DATA EXTRACT |

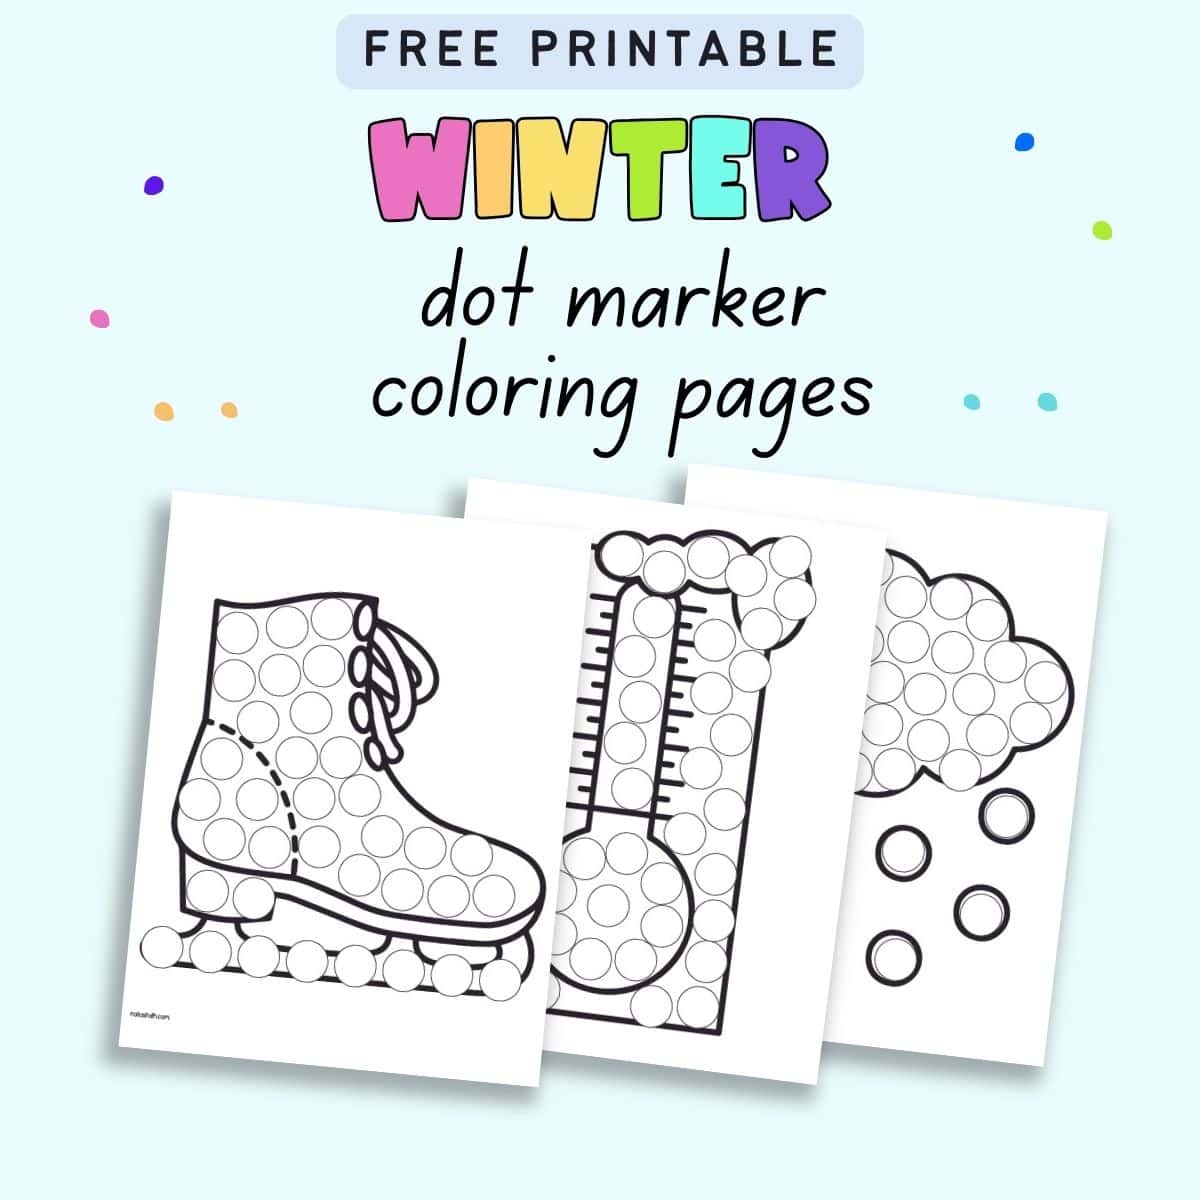 Text "free printable winter dot marker coloring pages" with a preview of there pages" one with a thermometer, another with a skate, and the third with a snow cloud
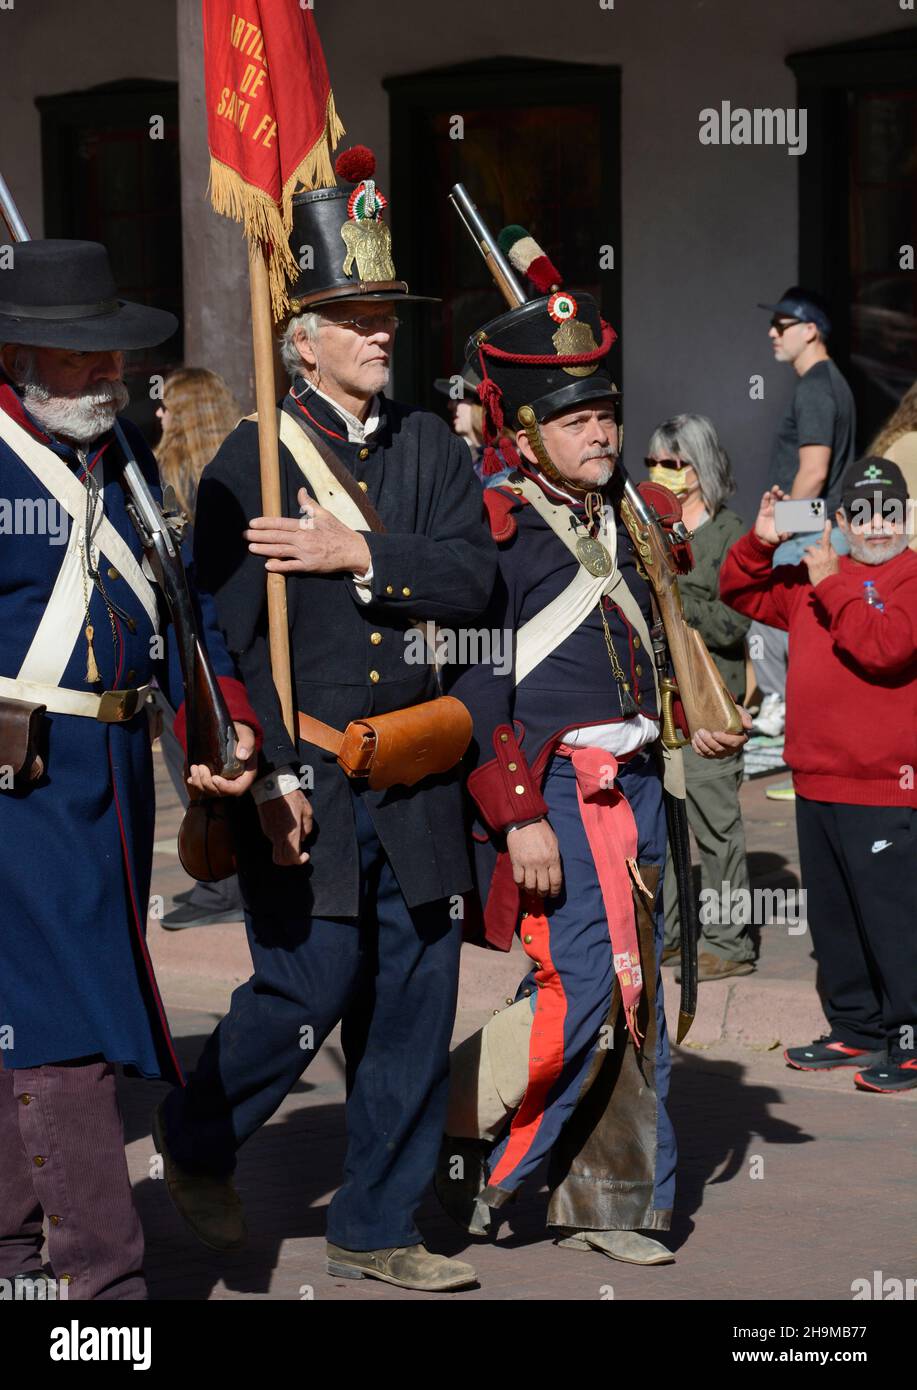 Reenactors in period Mexican infantry uniforms present a dramatic reenactment of the 1821 opening of the Santa Fe Trail in Santa Fe, New Mexico. Stock Photo
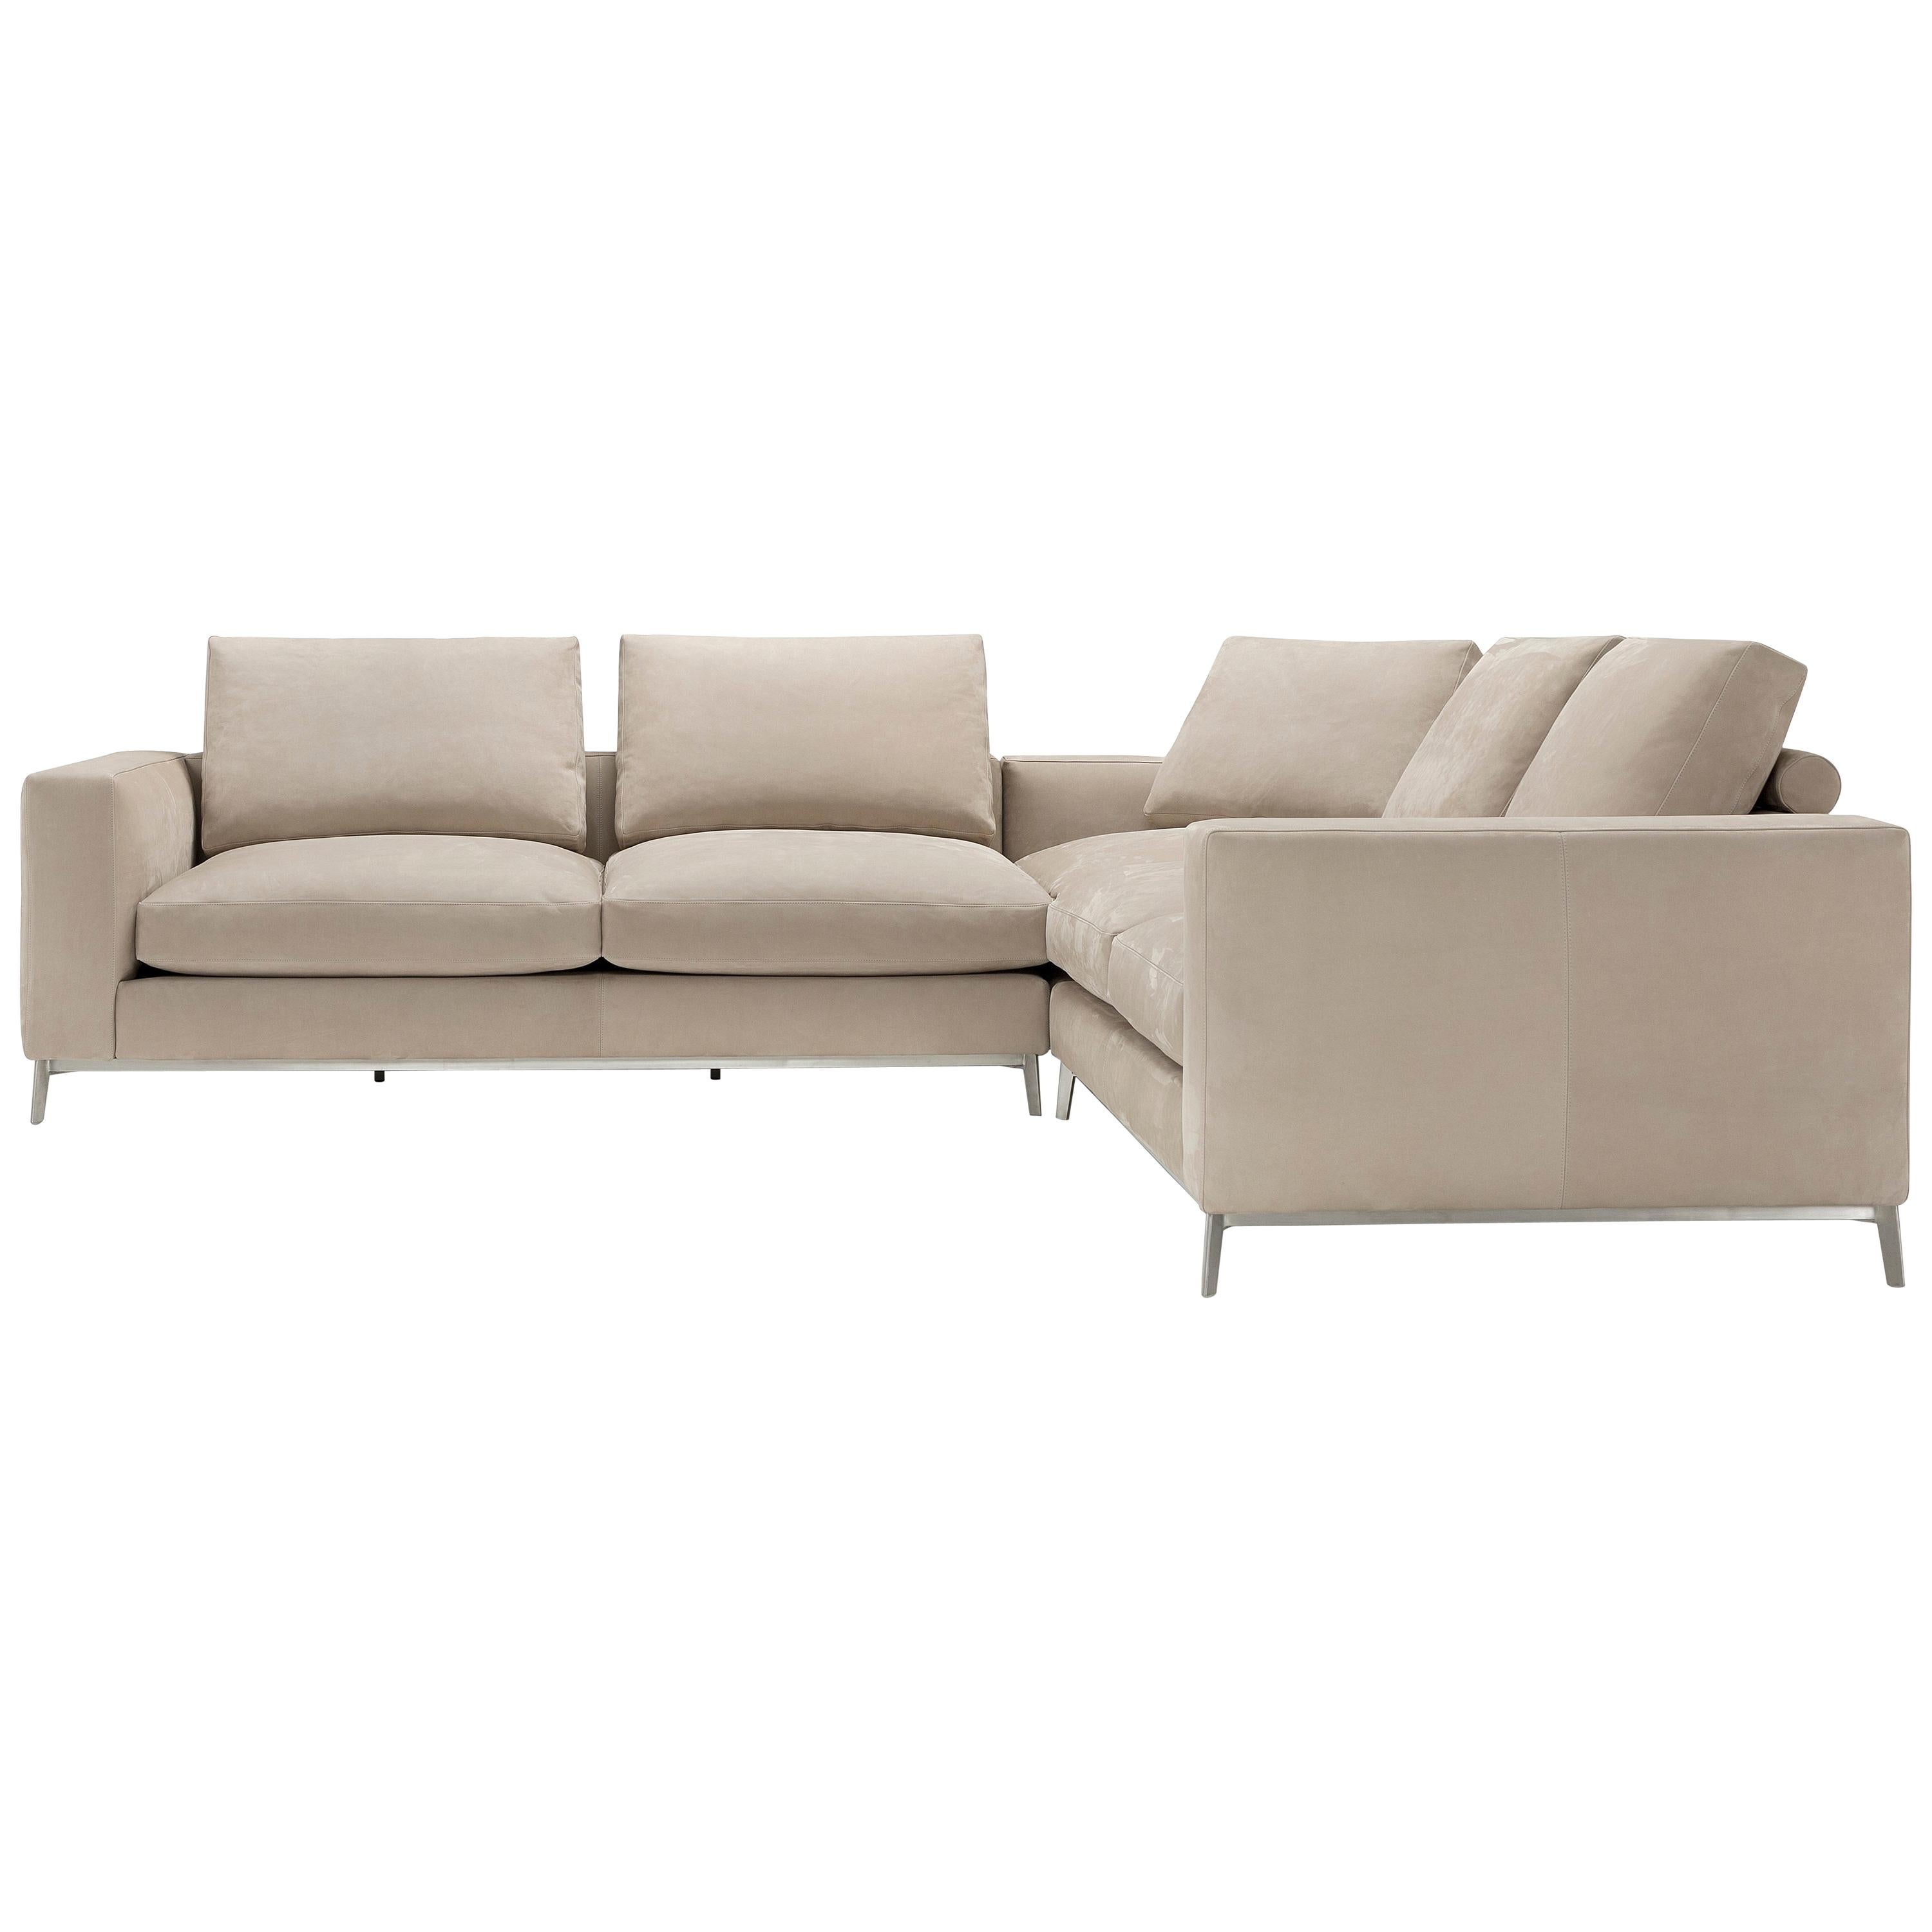 Amura 'Dorsey' Composition Sofa in Beige Leather by Amura Lab For Sale

INSTRUCTIONS TO FOLLOW | Repeat the data in full and exactly. Omit pictures.

WRITTEN REPLY |
 Text "free printable winter dot marker coloring pages" with a preview of there pages" one with a thermometer, another with a skate, and the third with a snow cloud
 Reenactors in period Mexican infantry uniforms present a dramatic reenactment of the 1821 opening of the Santa Fe Trail in Santa Fe, New Mexico. Stock Photo
 Amura 'Dorsey' Composition Sofa in Beige Leather by Amura Lab For Sale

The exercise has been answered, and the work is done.